What is the heart of foster care?
"We will-Welcome you-Cry with you-Comfort you-Teach You-Play with you-Love you-Help you get home"
Our children come from families that are in crisis, thus they need the consistency of a caring home until they can be reunited with their families, placed with relatives, or adopted.
Your ability to provide a safe and nurturing environment is priceless to a child in need of stability and emotional safety. Adoption on the other hand, is a legal, lifelong commitment to a child. About 90% of children adopted from the County's foster care system are adopted by their foster families. We do not have an “adoption only” program, all families are licensed as foster/adoptive parents.
Foster Parent vs. Adoptive Parent
A Foster Parent
An Adoptive Parent
What is the need in Anne Arundel County?
We need Foster Parents!
For every child, the ultimate goal is to reunite the child with their biological parents when possible. We need foster parents who will join our team to ensure children are safe and well cared for while their family works through crisis.
Anne Arundel County has about 120 children at any given time who are in need of foster care placement or adoptive homes. However there are far fewer foster or adoptive parents available to care for these children.
As of March 2024, 118 children were under the care and custody of Anne Arundel County's Department of Social Services. About 60 new children enter into foster care in the County each year.
Of the 118 children in our care, over 50% are 12 and older. Less than 5% of new children entering foster care are under 12 months old, and of those, many are born drug exposed. The remaining age range taking up roughly 45% of children in care is 1-11. Many of the children in care are part of a larger sibling group.

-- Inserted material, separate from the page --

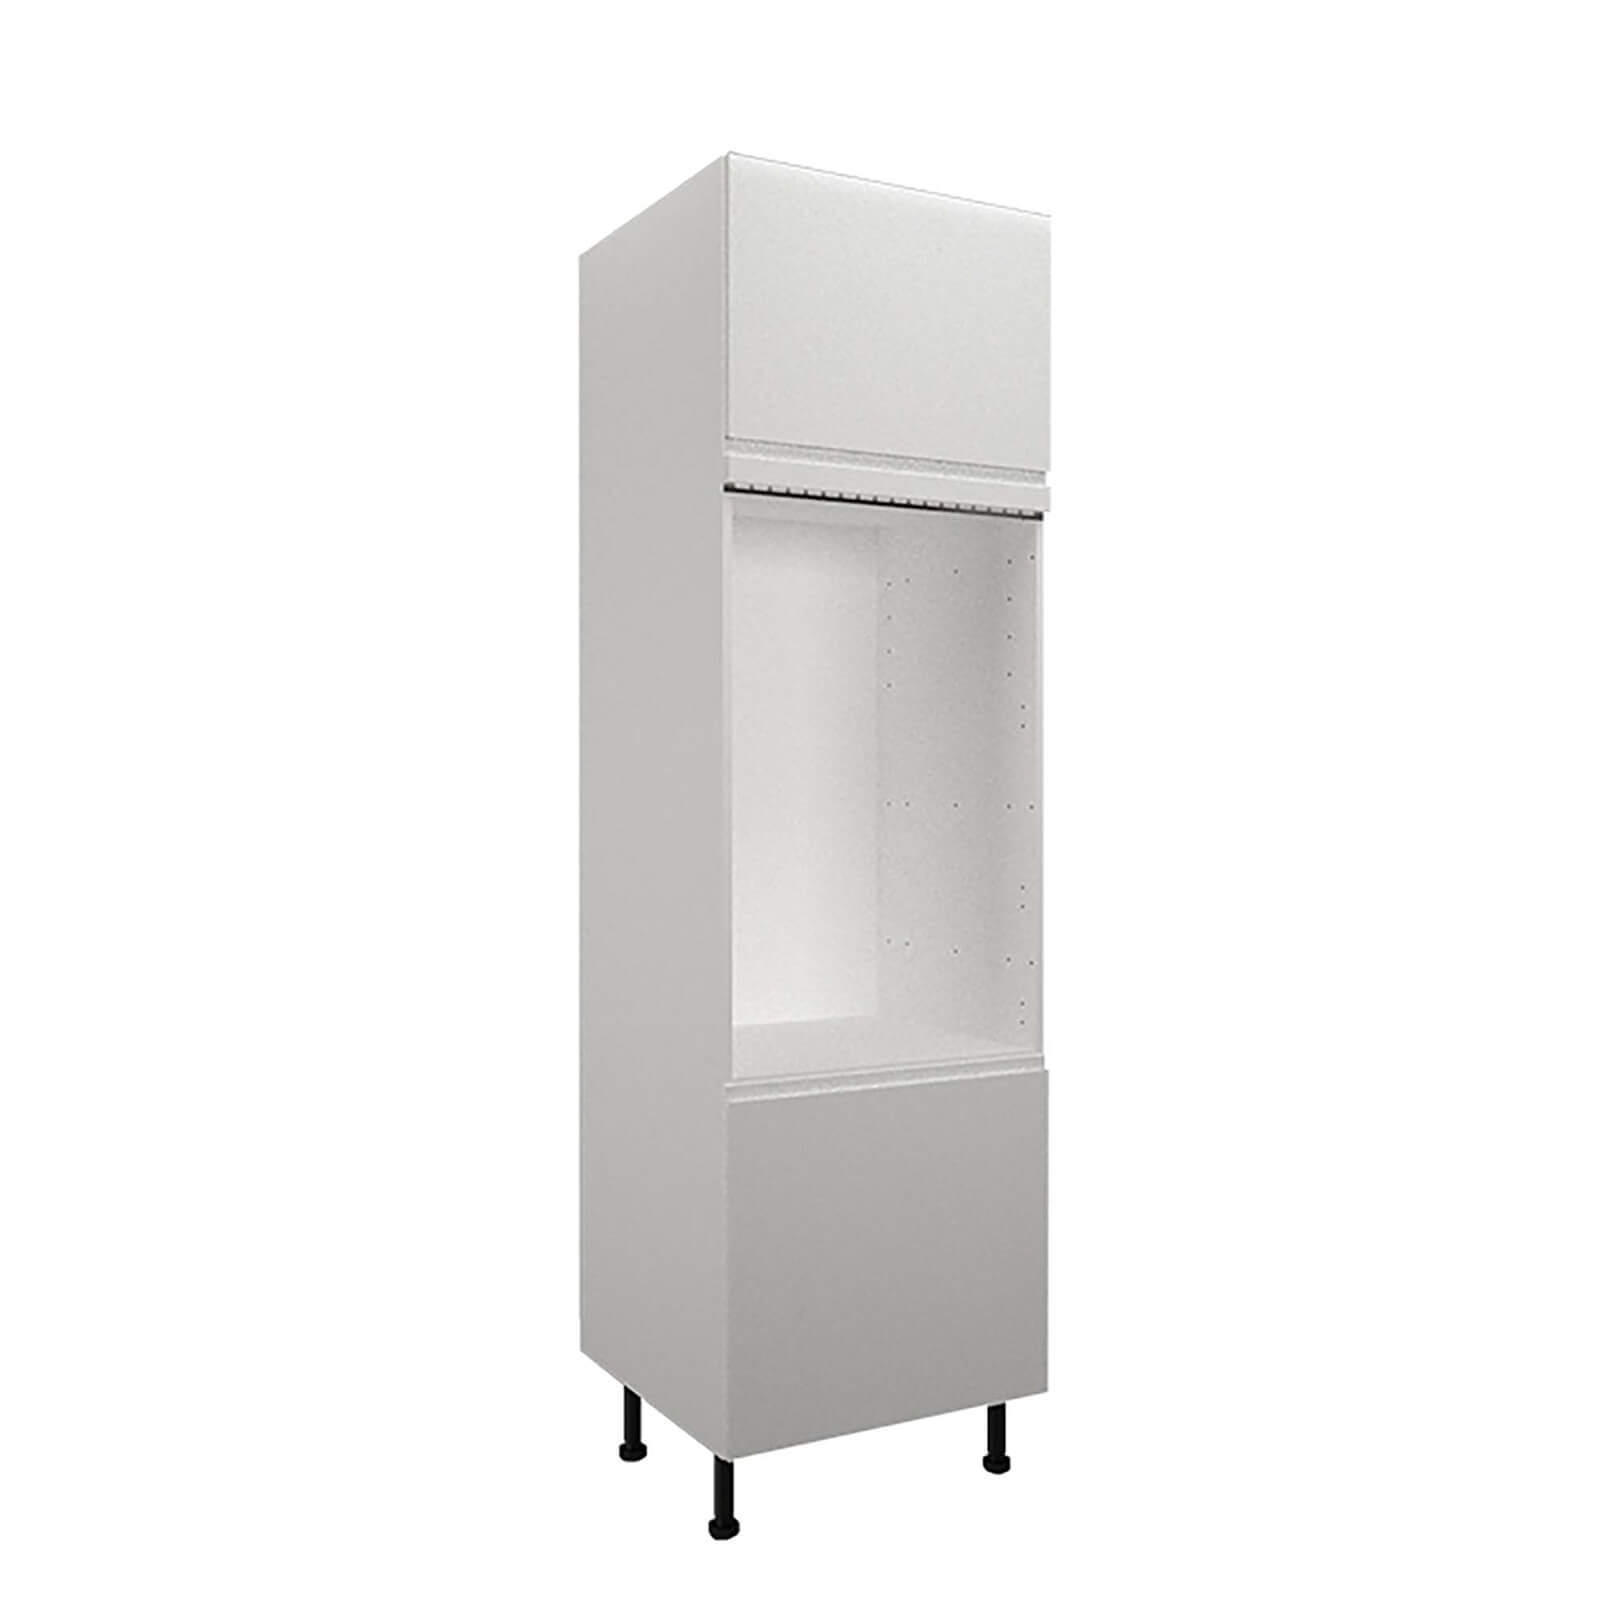 Handleless White Gloss Double Oven Tower Unit

As you can see, our greatest need is for foster parents willing to open their homes to teenagers, sibling groups, and medically-fragile infants (especially those who have been born substance exposed).
100% of our children have experienced some form of trauma. Although this trauma may manifest itself in unique ways for each child, even our youngest children will have been impacted.
If all efforts are exhausted and children are unable to return to their biological families, a foster home may become an adoptive home. For the children that need a new permanent home, 90% of our adoptions happen with the original foster family.